Таким образом, к концу первого же посещения стали замечаться и другие противоречивые изменения как в облике, так и речевом складе немощного старца. Главное же разочарование ждало о.Матвея впереди, когда с приличного расстояния оглянулся на покидаемый мавзолей. Взгромоздясь на ограду, бывший иерей Афинагор салютовал старо-федосеевскому настоятелю своим треушком на манер флотских сигнальщиков, что выглядело вовсе непозволительным на фоне тогдашнего церковного разорения.

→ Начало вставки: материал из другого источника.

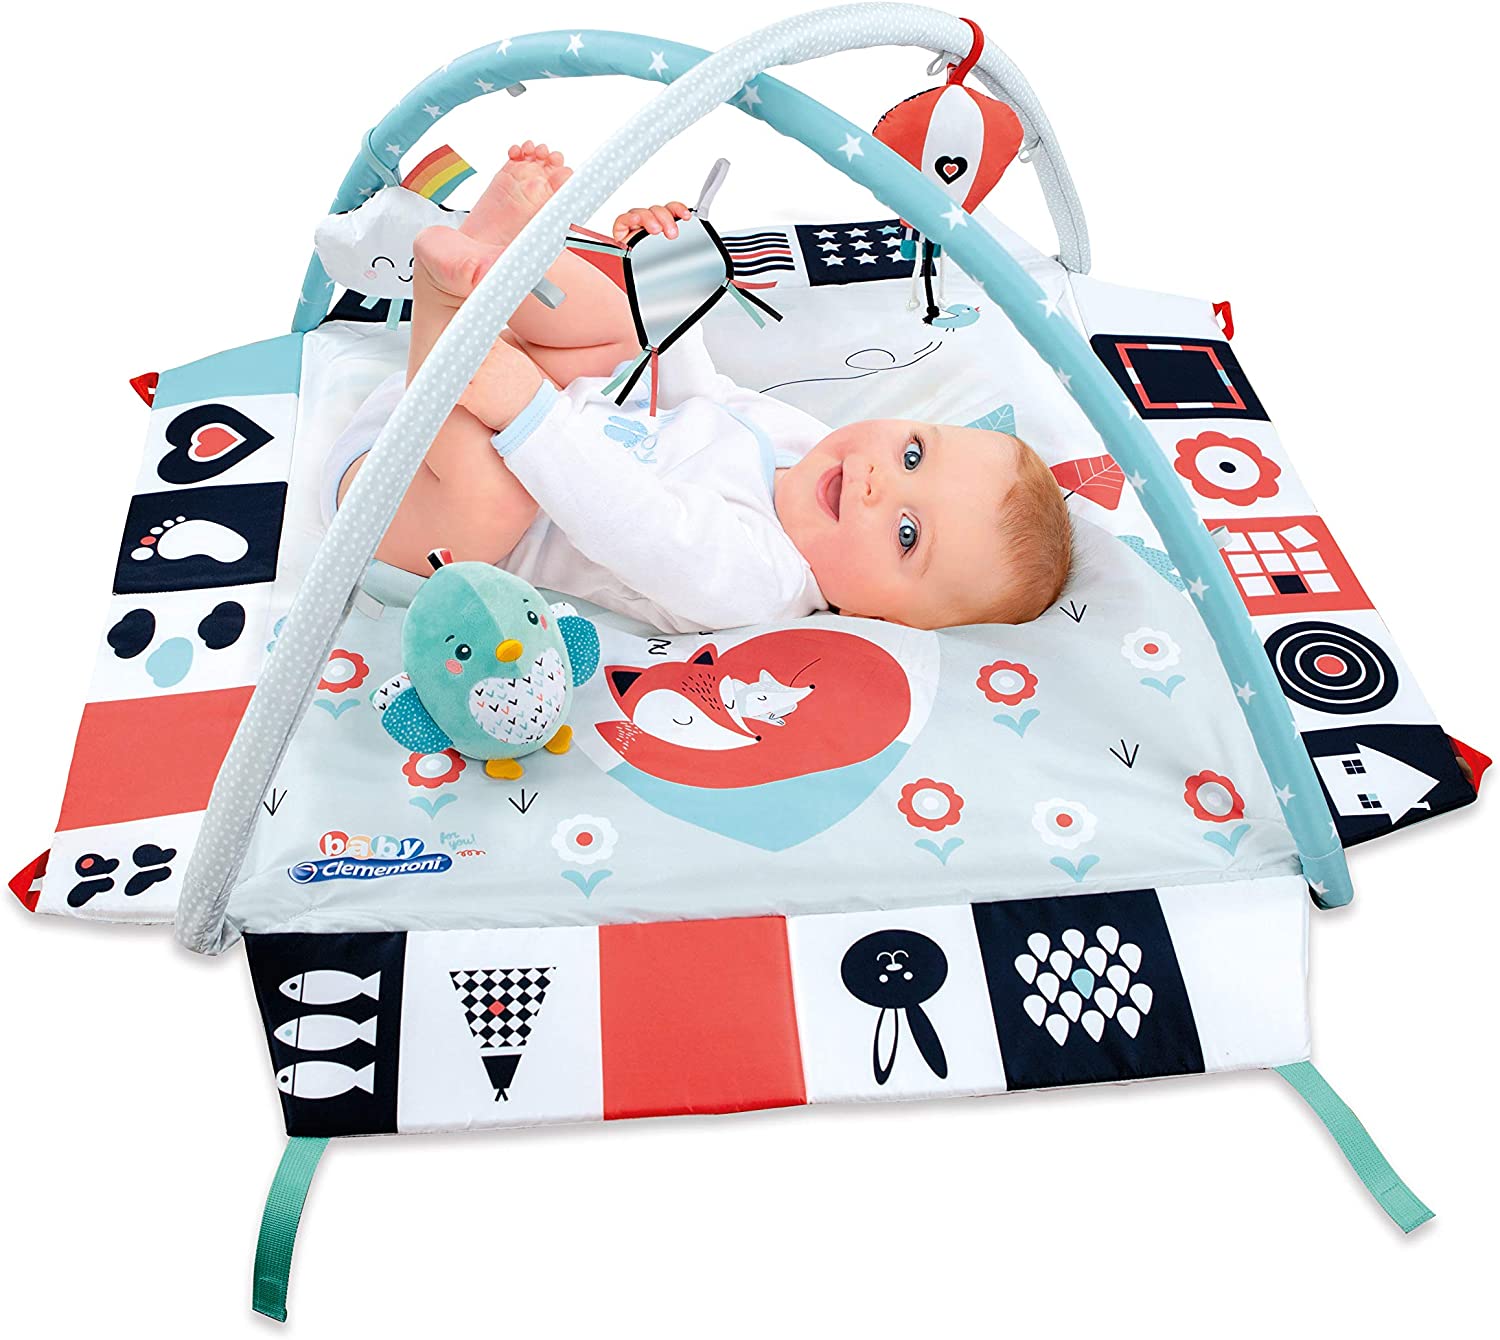 Clementoni 17319 Black & White Play Trainer, Play Arch with Crawling Mat for Babies, Activity Centre for Development of Senses, Play Trapeze with Cute Figures, Ideal as Easter Gift

Погрозившись в ответ имевшимся у него скребком, о.Матвей повернулся было назад для строгого внушения, но вблизи мнимый бродяга оказался коренастым деревом неизвестной в сумерках породы, с клоком снега в развилине сука. Вообще эпизод с Афинагором выглядит до такой степени маловероятным, что разумнее было бы отнести его за счет воображения, разыгравшегося в условиях зимнего кладбищенского вечера, кабы не наличие двух одновременных свидетелей, не связанных между собою ни узами свойства, ни тем более классового сговора. Из чувства самосохранения о.Матвей постарался предать забвению Афинагора с его пугающей осведомленностью, восприняв ее как примету болезненного раздвоения личности под влиянием жизни.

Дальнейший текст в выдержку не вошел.